I'm so sorry for the sudden loss of your sweet Cookie.


----------



## pb2b (Nov 8, 2013)

I am so so so sorry. What a horrible thing. I wish I could give you a big hug. What a terrible tragedy.


----------



## daisydogmom (Feb 26, 2007)

Oh, I am just so sorry...


----------



## sophieanne (Feb 4, 2014)

I am so sorry for the loss of Cookie...i can tell how much you loved her.
And thank you for sharing the warning with everyone...sometimes it's the everyday easy things we don't even realize are dangers that can hurt. Savor your memories.


----------



## Melakat (Oct 9, 2010)

I am so very sorry for the loss of Cookie. I know that our Oakley had gotten into our pantry a couple of times and gorged himself on his kibble. 

I have shared the FB page with a few of my friends that have dogs just so that we are all aware. 

I am heartbroken for you and your family. I loved the pictures of Cookie - do you have a lake place? We do and our Oakley boy sure loved being at the lake.

Thinking of you and your family through this very difficult time.

Thank you for raising this awareness.


----------



## Lucky Penny (Nov 13, 2011)

I am so heartbroken for you.

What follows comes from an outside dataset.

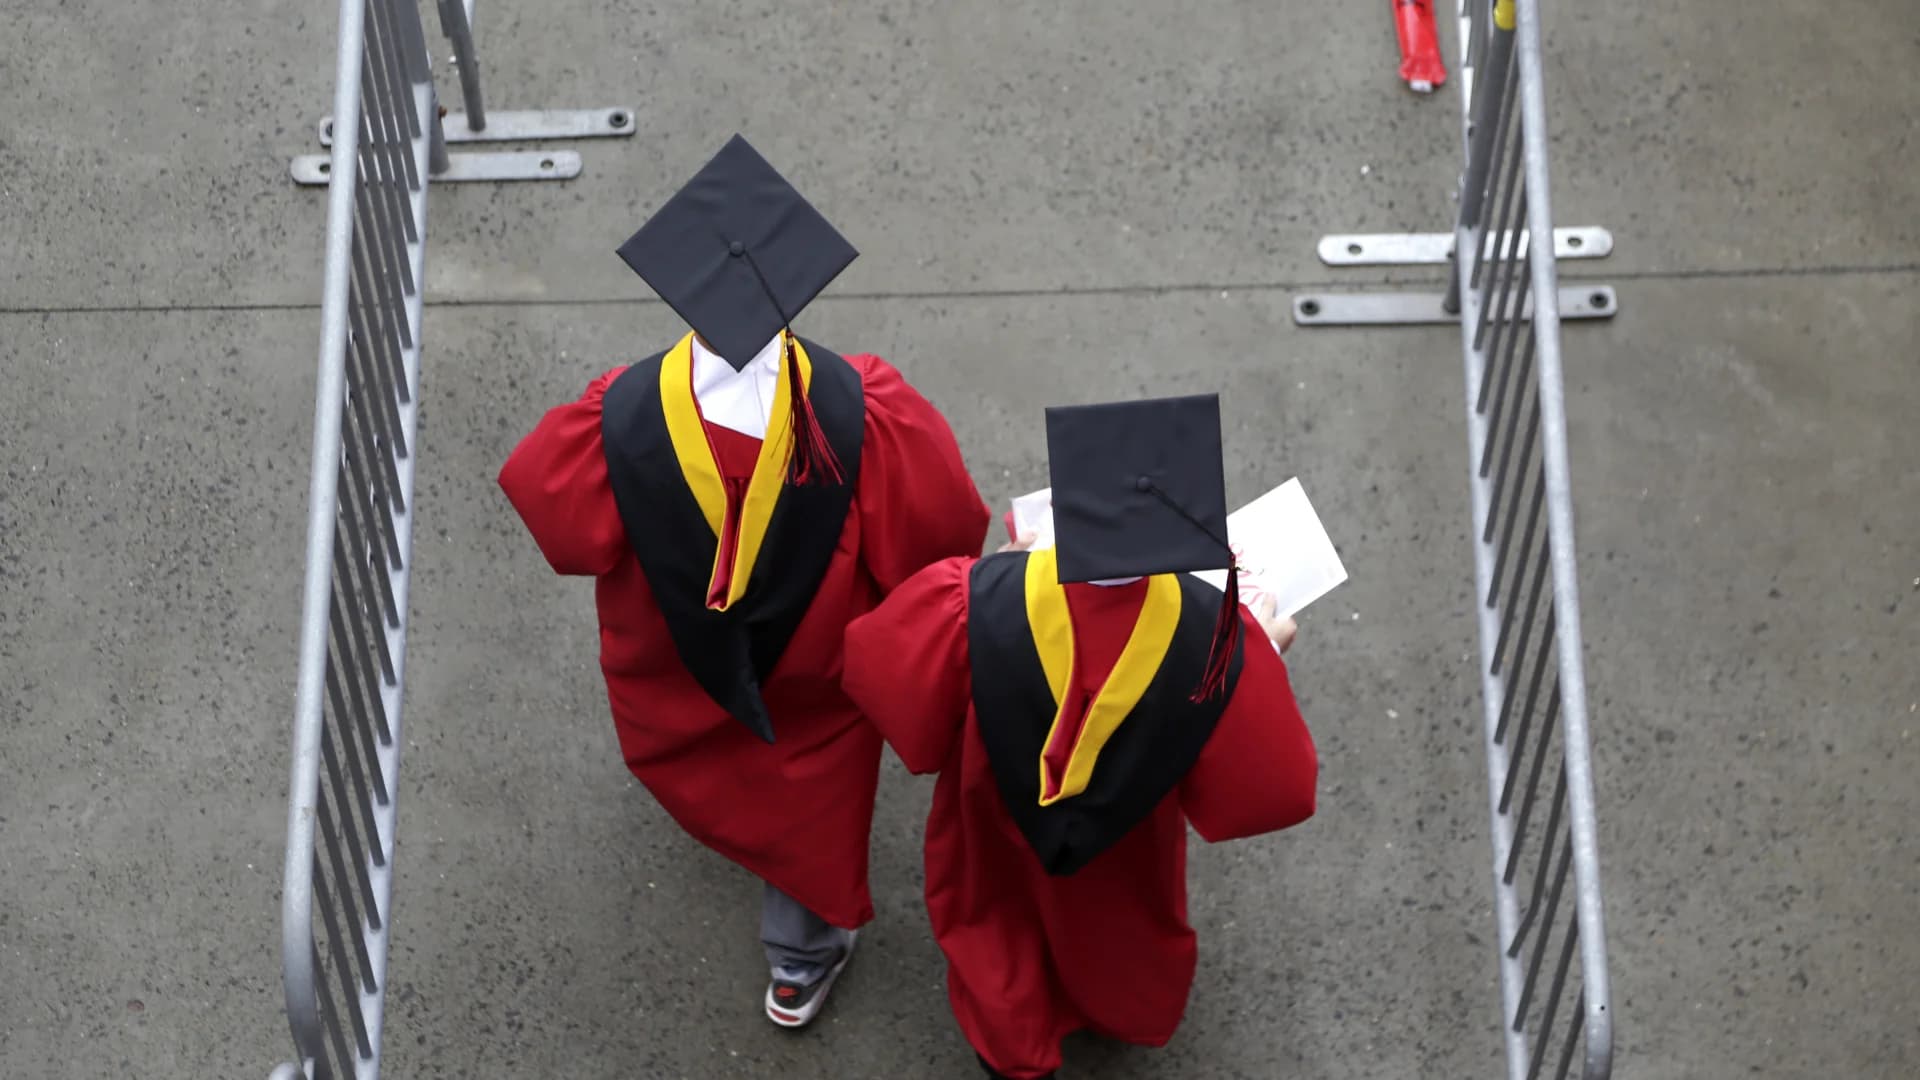 Do you need a grad degree to compete right now? Probably not

I love the pictures of Cookie you shared, she was such a beautiful girl inside and out. I know how much you loved her and how much she meant to you and your family. How devastated you and your family must be. My deepest sympathy to you and them all.


----------



## Jessie'sGirl (Aug 30, 2010)

So saddened to read of this tragedy. Your love for Cookie shines through in all your photos.


----------



## Karen519 (Aug 21, 2006)

*Bri*

I added your sweet Cookie to the Rainbow Bridge List:
http://www.goldenretrieverforum.com...ow-bridge-list-grf-2014-a-19.html#post5291754


----------



## hotel4dogs (Sep 29, 2008)

Just now saw this. I am so, so sorry for your heartbreaking loss.


----------



## Eabeal (Feb 9, 2014)

So sorry for your loss. Cookie was beautiful!


----------



## ggdenny (Nov 2, 2008)

I am so very sorry. She was a gorgeous girl. My sincere, heartfelt condolences.


----------